I'm using a homebrewed system and a challenging science fiction environment (not originally designed for table RPGs but for story writing and as a construction project of people) with a group of friends for a while and they are ready to leave the starting space. station. So, the first space battle is getting closer and closer, but I do not know if my ideas on how to fight in space are useful or not.
The decor is very difficult, science fiction has many millions of years in the future. Therefore, although the technology is very advanced (torch, antimatter, handheld weapons, nanotechnology, genetic engineering, transhumanism), no -fi technologies (FTL readers, teleportation, useful force fields, …) exist . It has worked well so far, but the players have not yet come into contact with really advanced military equipment, such as a spaceship.
The challenging nature of the sci-fi scenery means that space combat is an extremely automated process involving a mind-boggling dance of probability and vector computation, coupled with deception and elaborate bluffs. Evasive maneuvers, firing solutions, and tactical decisions must be calculated, developed, and redone in nanoseconds. This obviously means that human intervention in space combat will be minimal.
So, I thought that if players could not make tactical decisions, win battles for strategic reasons and good preparation would be the way forward. If a normal fight appears to play Fortnite, my space fight would be similar to dota Autochess or Laugh out loudTFT mode: you make strategic decisions and whether their success is positive or not, you must live (or die) with the results. I would describe the strategic options of the players and tell them, as an AI of the spaceship, the probability of success, critical success, failure and critical failure. Thus, the space combat would be very narrative, unlike the usual dice, intensive combat.
It should be noted that in the absence of usable energy shields and spacecraft shielding, the negative consequences would be either the vaporization of the part in a nuclear explosion, overheating and thus the loss of the combat effectiveness of the ship or the loss of a resource or essential component training, ejection mass, ammunition, …) making the victory extremely improbable. This means that fights in space will always involve very important issues, as there is no fantastic way out of bad situations.
My system generally works by adding up all the statistics of a player on a number of dice that he can throw to launch it. Each die is considered a success if he shows more than one of the top 50% of his eyes. (if D6: 1,2,3 == Failed_Roll; 4,5,6 == Succeeded_Roll) For minor decisions, as what type of loot is found, I use a "Destiny_Roll". I run a D20 and ask the player in question if he wants high or low numbers. The result can be a yes / no or a good / bad answer, depending on the situation.

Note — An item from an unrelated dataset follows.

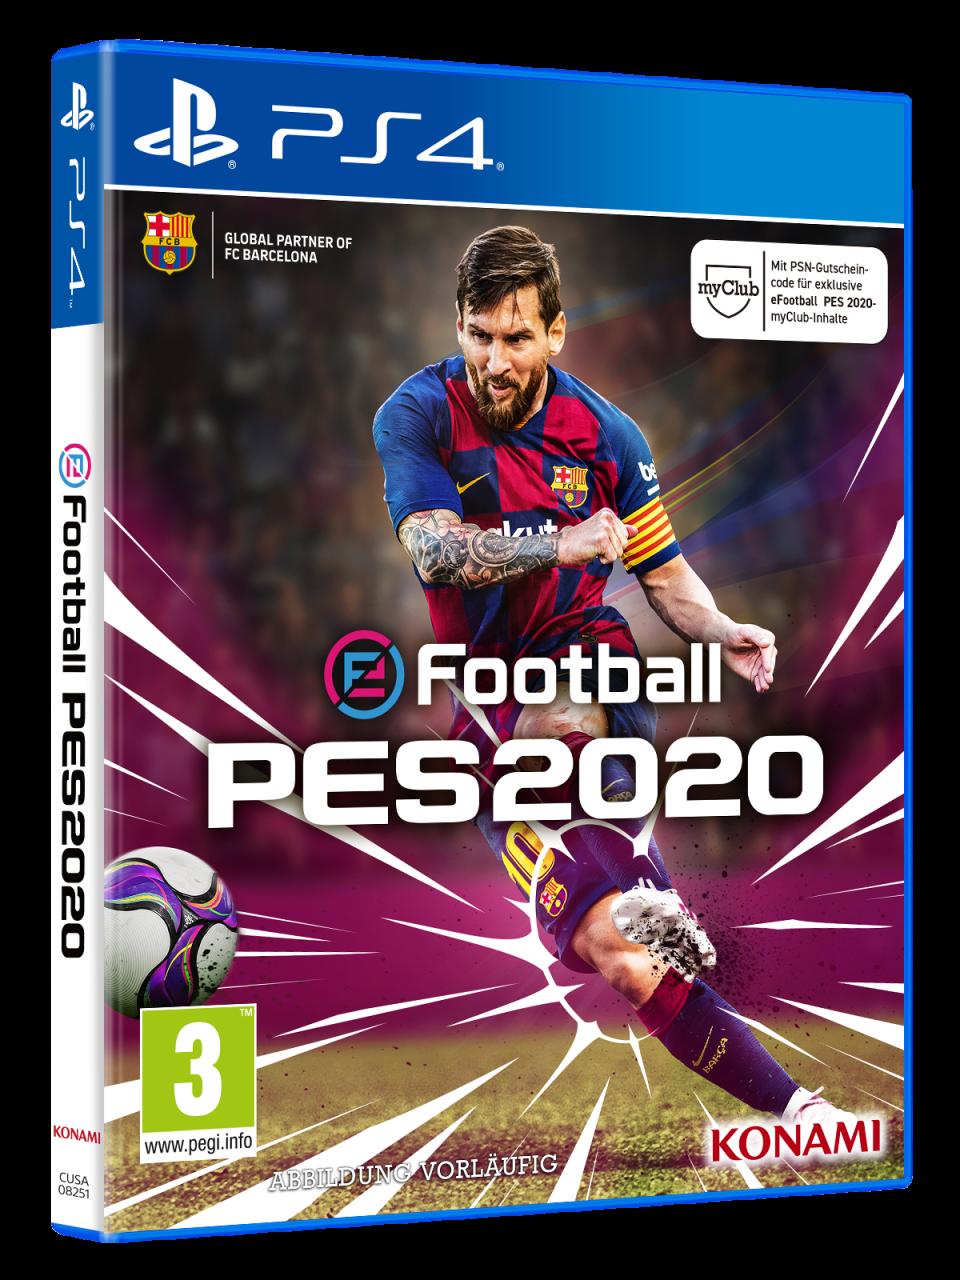 #E32019 Nuestra impresión de Pro Evolution Soccer 2020 1

In space combat, they will receive larger dice bonuses due to the equipment of their ship (the addition of a rifle or a dagger shield will bring extra dice) and of a maintenance status (attrition during the battle will clear the dice if a second round occurs). (They will start with an ultra-slow solar sailboat with no armor and only armed with defensive infrared laser networks in the defense, which is rather a highlight for the spacecraft.) They will then discuss their battle plan with them. IA of the spaceship. where they can use their skills and creative suggestions to earn extra dice. In addition, the ship will have limited resources, namely heat capacity, heat sinks, reaction mass, power, armor and bullets whose rate of use depends on the decisions of the players and the result of rolls of dice. These plans are made before the battle or during idle time. (The villains fired a volley of missiles and it will take an hour before the next end arrives so that the strategy can be adjusted.) The short-term adjustments will be managed via "Destiny_Rolls" and will have little to 39; impact.
The decision of the player would be whether the ship should focus on defense or offensive, how many resources it can use, which weapons to prioritize, how much to keep, and so on. Each of these decisions will give a specific bonus to the game, which will not necessarily be the case. have a flat die bonus (sacrifice dice for guaranteed damage if successful, etc.)
What problems could I encounter with this system?